NEW JERUSALEM MONASTERY. |
The Tsar's journey to Holland was slow and eventful. He practised carpentry at Mitava, he spent a month at Konigsberg in the society of the elector Frederick III. of Brandenburg. He studied artillery at Pillau, and received a certificate for remarkable progress. He visited the iron works of Ilsenburg and enjoyed the view from the Brocken. He dined and danced with Sophia Charlotte, the wife of Frederick III., and her mother, Sophia of Hanover, and astonished them by his awkwardness, his vivacity, his grimaces, and his boorishness at table.
At this time the little town of Zaandam was famous for its shipbuilding. Peter had heard of it and resolved to study the science there.
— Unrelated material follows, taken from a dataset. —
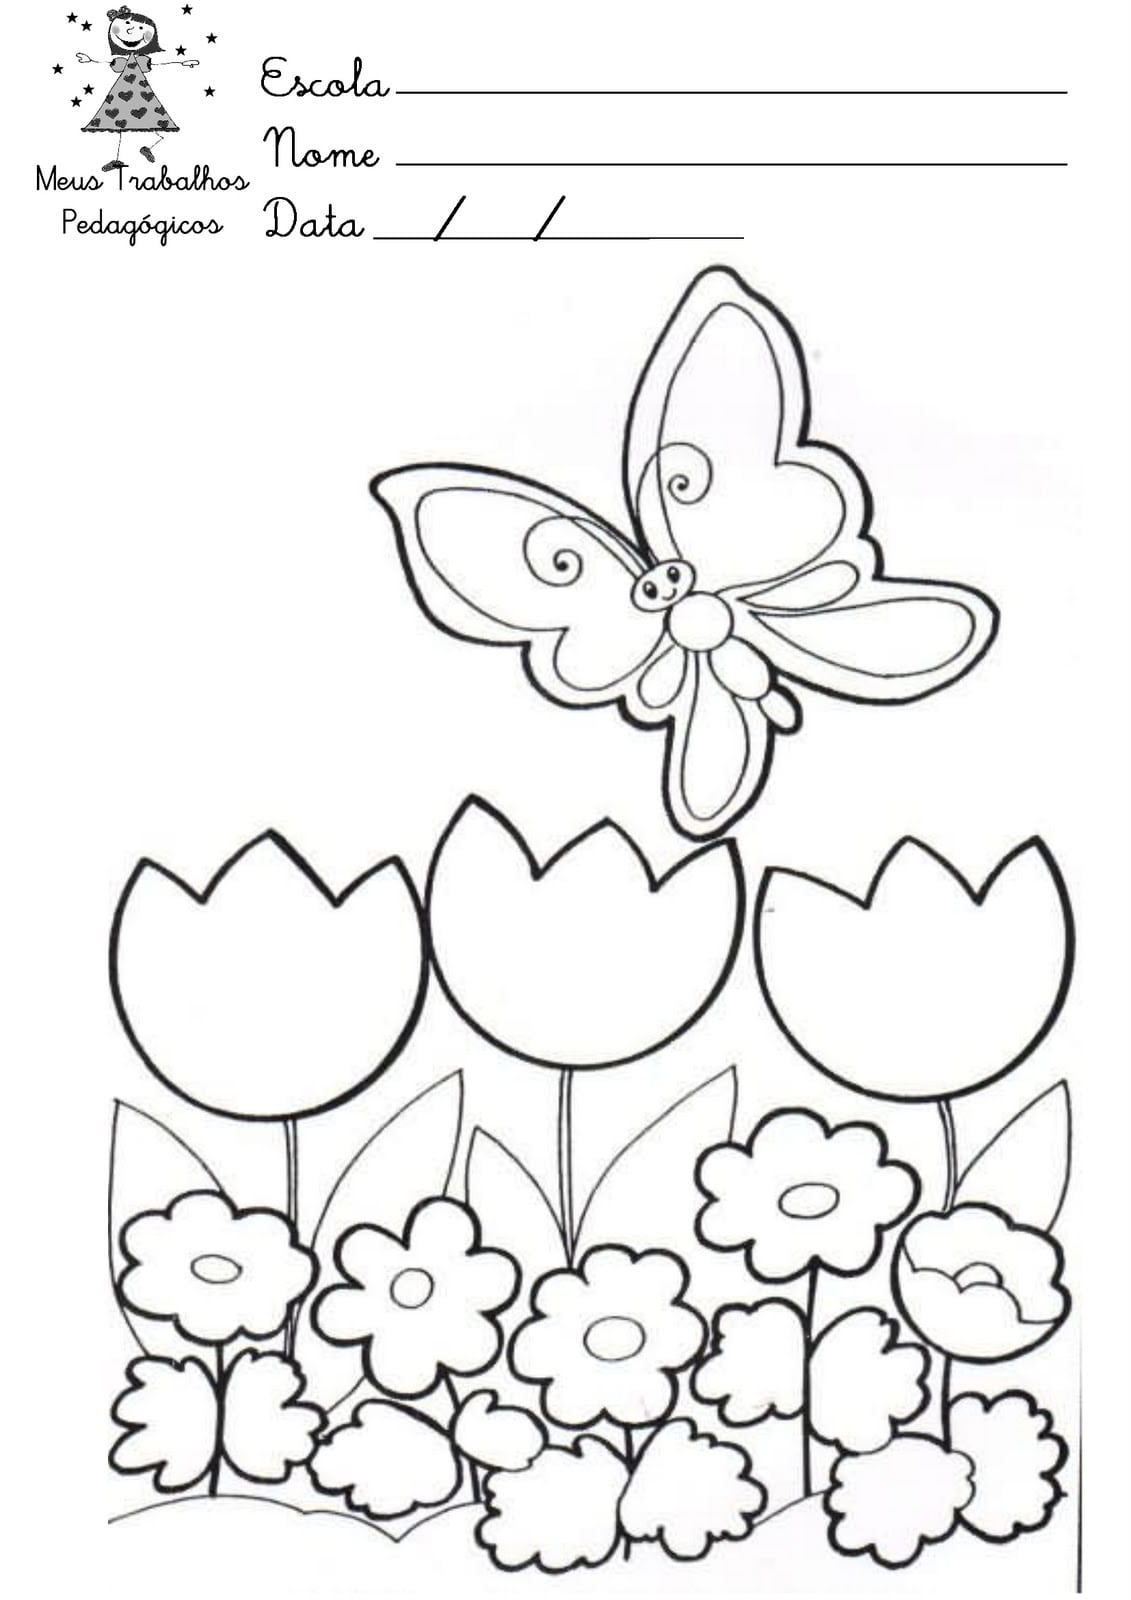 Desenhos Para Colorir E Imprimir Sobre A Primavera – Pampekids Net

He hastened down the Rhine, and, without stopping at Amsterdam, took up his lodging at Zaandam in a small hut belonging to a blacksmith whom he knew. He immediately set to work with his axe. He was soon recognized, and his stay was made unpleasant by the crowd which followed wherever he went. He managed, however, to visit every manufacturing establishment in the neighborhood,—cutleries, rope walks, paper mills. After a week's stay he sailed back in his own yacht to Amsterdam, where he worked busily for four months at the docks of the East India Company. All his spare time was spent in sight-seeing. He was interested in everything; he went to workshops, museums, grist-mills, ferry-boats, hospitals; he took lessons of a wandering dentist, and practised on his friends; he learned to etch; he visited the Greenland whaling fleet; he engaged artists, officers, engineers, surgeons; he bought models of ships, and neglected nothing which, as he wrote to the Patriarch, might enable him thoroughly to master the art of the sea." Having learned all that the Dutch could teach him he went to England. Here again he was unwearied. He spent most of three months at the Deptford Docks, but found time to visit the sights of London, the Arsenal at Woolwich, Windsor Castle, Hampton Court, and the Tower, and to witness a grand naval display off Spithead. He had the curiosity to attend Quaker meetings and Protestant services, and, as in Holland, to study the various creeds. He became very intimate with King William, who presented him with a beautiful yacht. Finally Peter rejoined the embassy at Amsterdam, and turned his eyes toward Vienna and Venice. At Vienna bad news suddenly called him back to Moscow.